II. Differentiate between an investor, a trader, and a gambler

Photo by Michał Parzuchowski on Unsplash

Personal finance management does not mean that we have to be a trader — which is a full-time activity in itself or be a gambler — which is quite the craze these days.

I am only, and only, talking about thoughtful investing.

We often might be tempted to be a trader for quick money, but my experience tells me that you would probably end up losing money if you do not have appropriate experience in this field.

As a beginner, I started with investments in the index fund and eventually expanded my portfolio. I am beginning to see results in the longer term. And we must be realistic with our expectations too and should not expect the money to double within a year or so.

III. Understand the magic of compounding, and have a long-term vision!

Imagine you are earning $4000 and are able to save $1000 every month. You have been investing the same in a stock market index fund, that has on average provided a return of 11.88%.

👉At the end of three years, you would get the equivalent of a 13.5-month salary — i.e. 12 months from your profession and ~1.5 months from your investment.

👉At the end of four years, you would get the equivalent of a 15-month salary — i.e. 12 months from your profession and ~3 months from your investment.

👉At the end of five years, you would get the equivalent of a 17-month salary — i.e. 12 months from your profession and ~5 months from your investment.

(Link to a calculator in case you want to estimate the scenarios specific to yourself!)

Don’t be shortsighted!

The mistake we always make with our investments is that either we are very impatient, or we do not remain invested for long enough. We always have to be in it for the long term to see meaningful results.

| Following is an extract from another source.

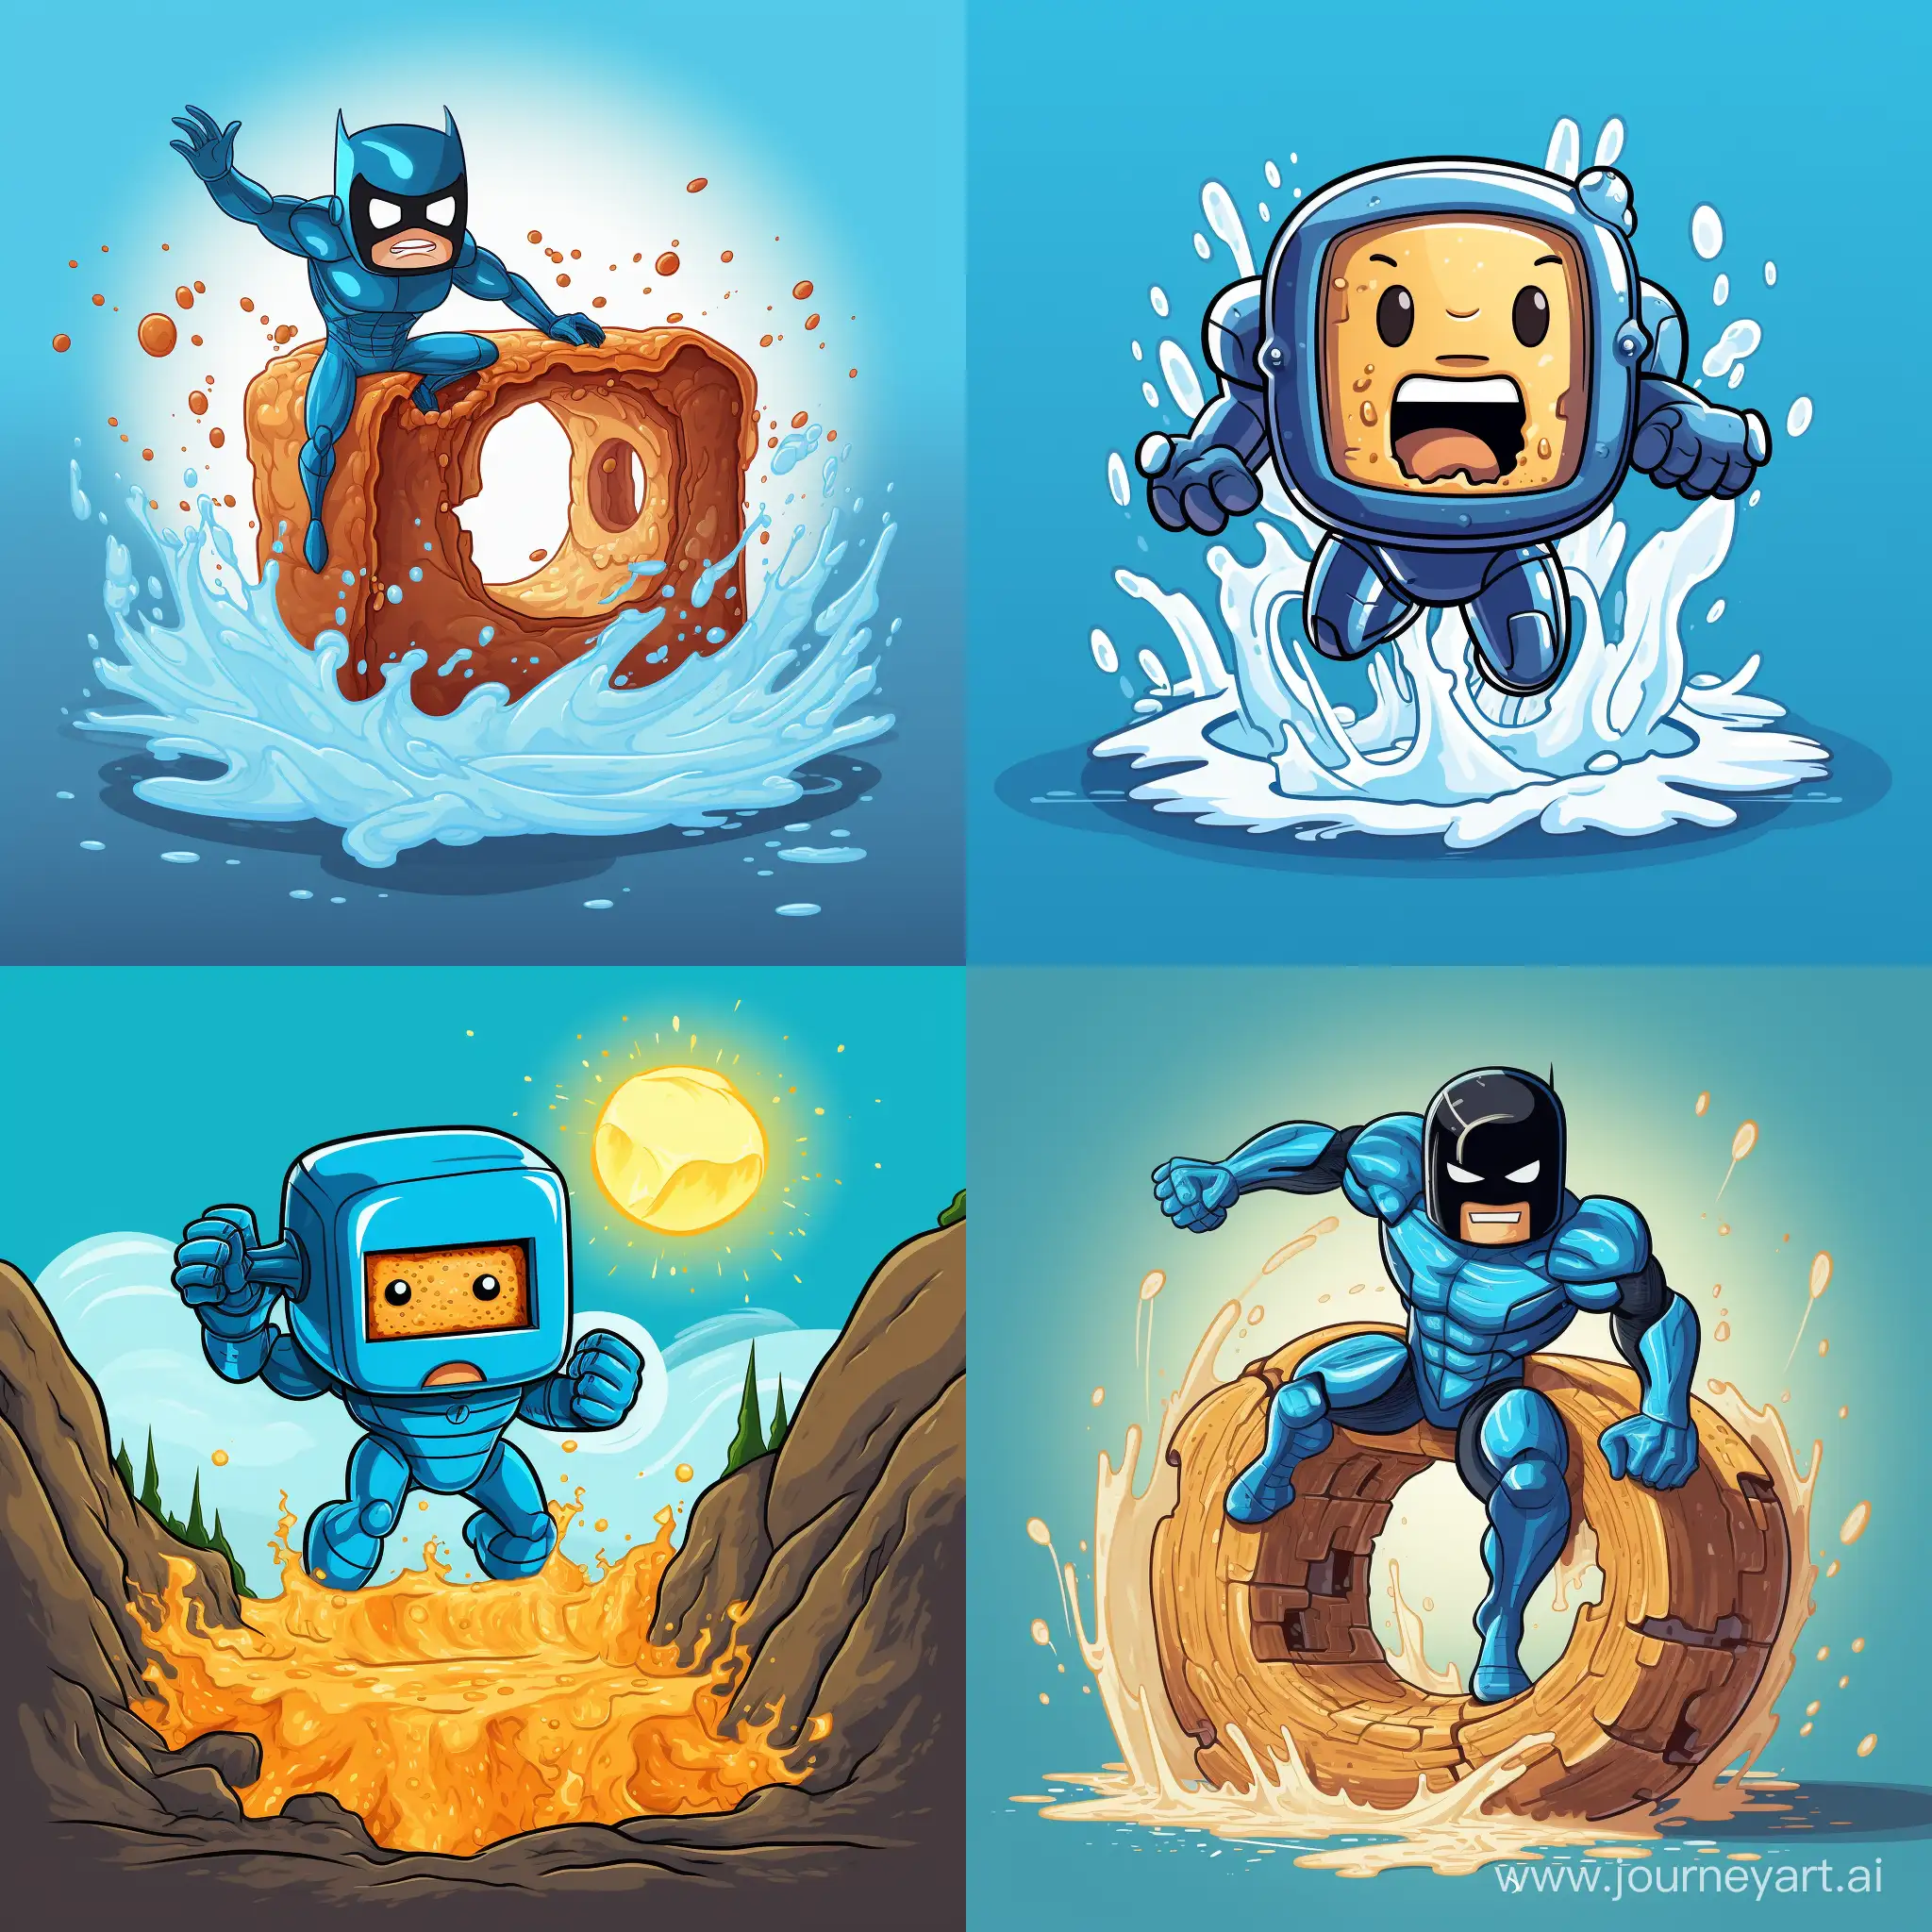 A toaster superhero coming out of a blue hole

IV. Learn Mathematics, and about the economy

Photo by Jeswin Thomas on Unsplash

Trigonometry or Algebra or Laplace Transform or Differential equations — you don’t need to know any of it. But we must at least understand as to how interest rates work, and how banks use that to our disadvantage.

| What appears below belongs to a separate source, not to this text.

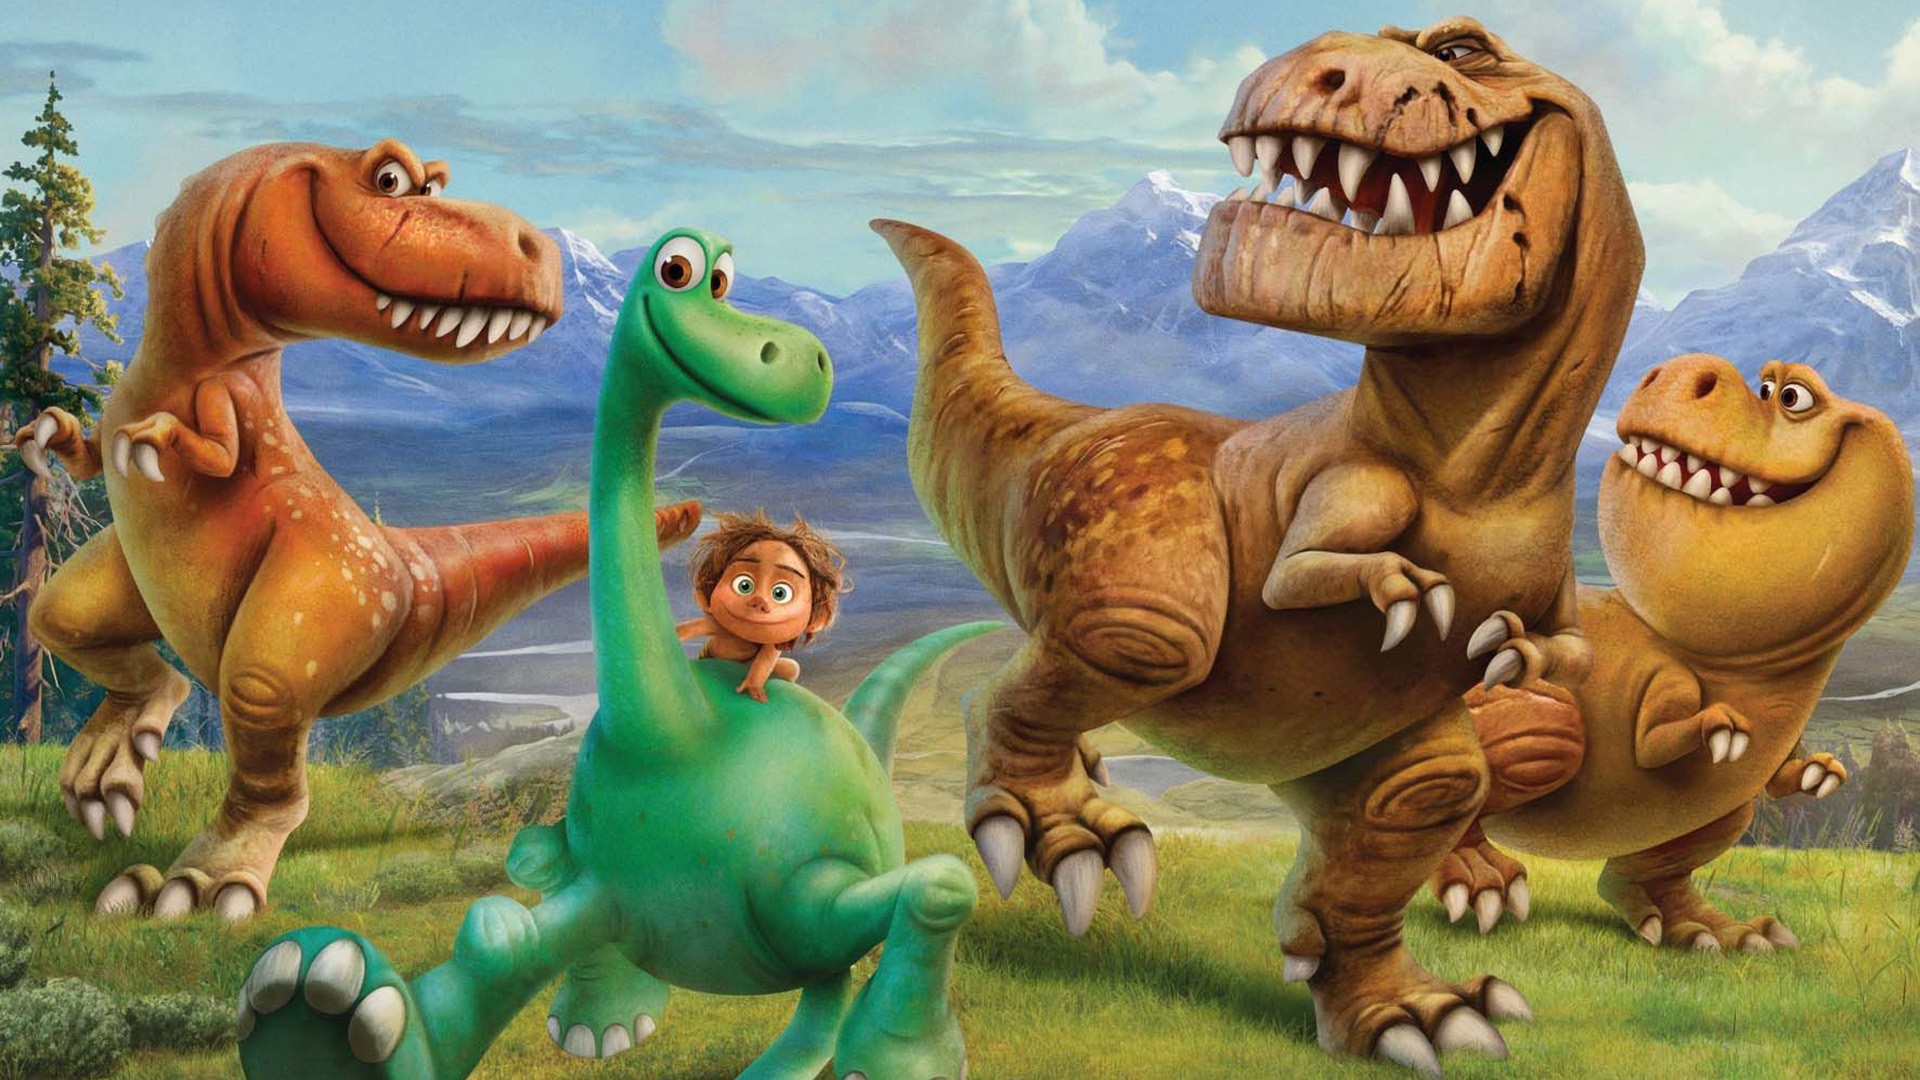 Arlo and Spot encounter a family of tyrannosaurs in The Good Dinosaur (2015)

When talking about the economy, we must know about financial terms such as GDP, inflation, interest rates, etc., and what these mean to us. Also, we must know what are the typical returns for index funds — be it Nasdaq, S&P, Dow Jones, or any other country, etc.

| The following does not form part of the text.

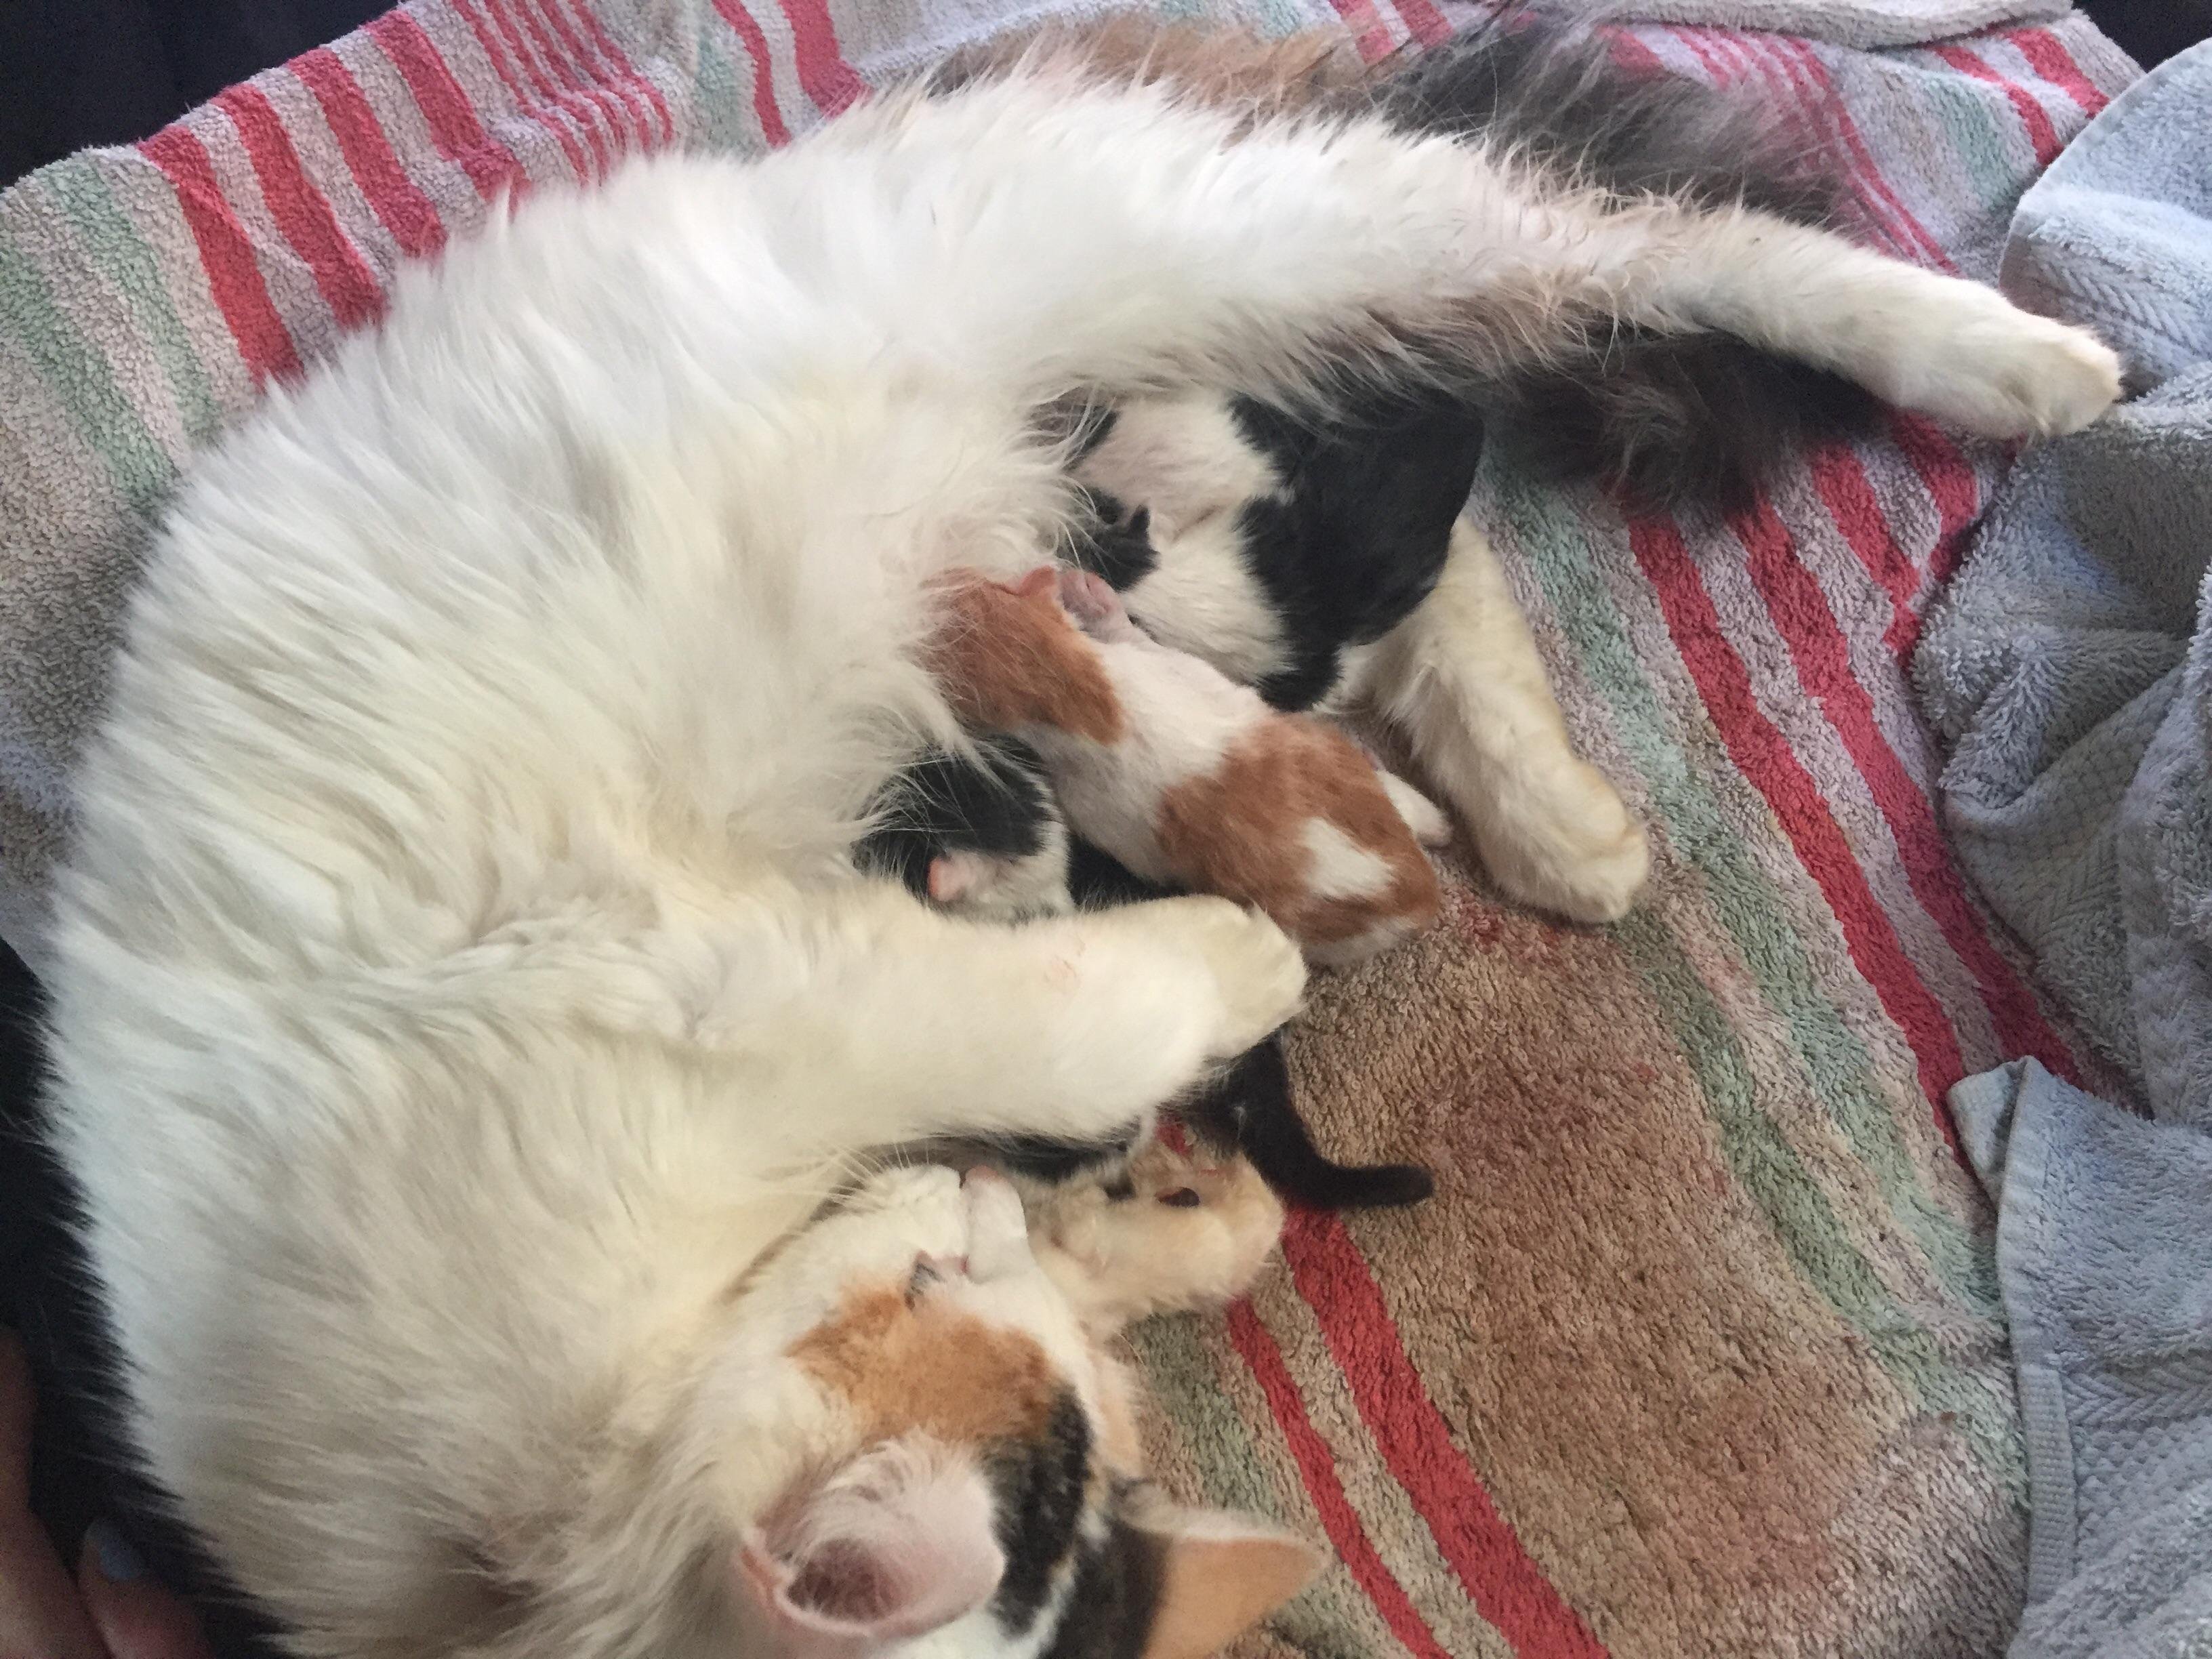 SHE HAD HER KITTENS THIS MORNING AND THEY ARE SO CUTE

V. Pay for knowledge, and maintain a learning curve

If you have been investing for years and have a sizeable portfolio, there is no harm in paying for subscription services. I personally use quite a few such as Motley Fool, Seeking Alpha, and Simply Wall St. for my analysis, and always try to read what other financial analysts are recommending.

And, like any other field, it is very important to continuously maintain a learning curve. Over the past 4 years, I have spent a lot of time learning about stock markets, real estate, Bitcoin, farmlands, leverage trading, etc.

VI. Always have an investment hypothesis

An investment without an investment hypothesis is just gambling and should be avoided at all costs. 99% of Bitcoin investors cannot explain what Bitcoin and Blockchain is.

Each investment thesis has to be backed by a certain methodology or research, and one must stick to it.

And there is absolutely no harm if one of your investment theses goes wrong.

For me personally, this happened with Tesla. I first started reading about this stock around the first half of 2020, when the stock was trading at around ~$700. Post my research, I was not convinced that I should be investing in this. Eventually, the stock just boomeranged to $2000 and even higher.
But I never regretted not investing in it and stood firm by my hypothesis.


Today it has been close to four years since I started investing, and I cannot stress enough the importance of personal finance management.

If you are already not managing your savings and investments properly, I would request you to sincerely think in this direction.

Appropriate money management can help you reach your retirement fund goal at least 10 years earlier.


Besides, every day I am so grateful for the conversation that I had with my younger brother. I might be the one with better grades, but he definitely has taught me something very valuable and important. On a separate note, he is the one who also convinced me to write on Medium!

I wonder why my mother loves me more than she loves him 😃.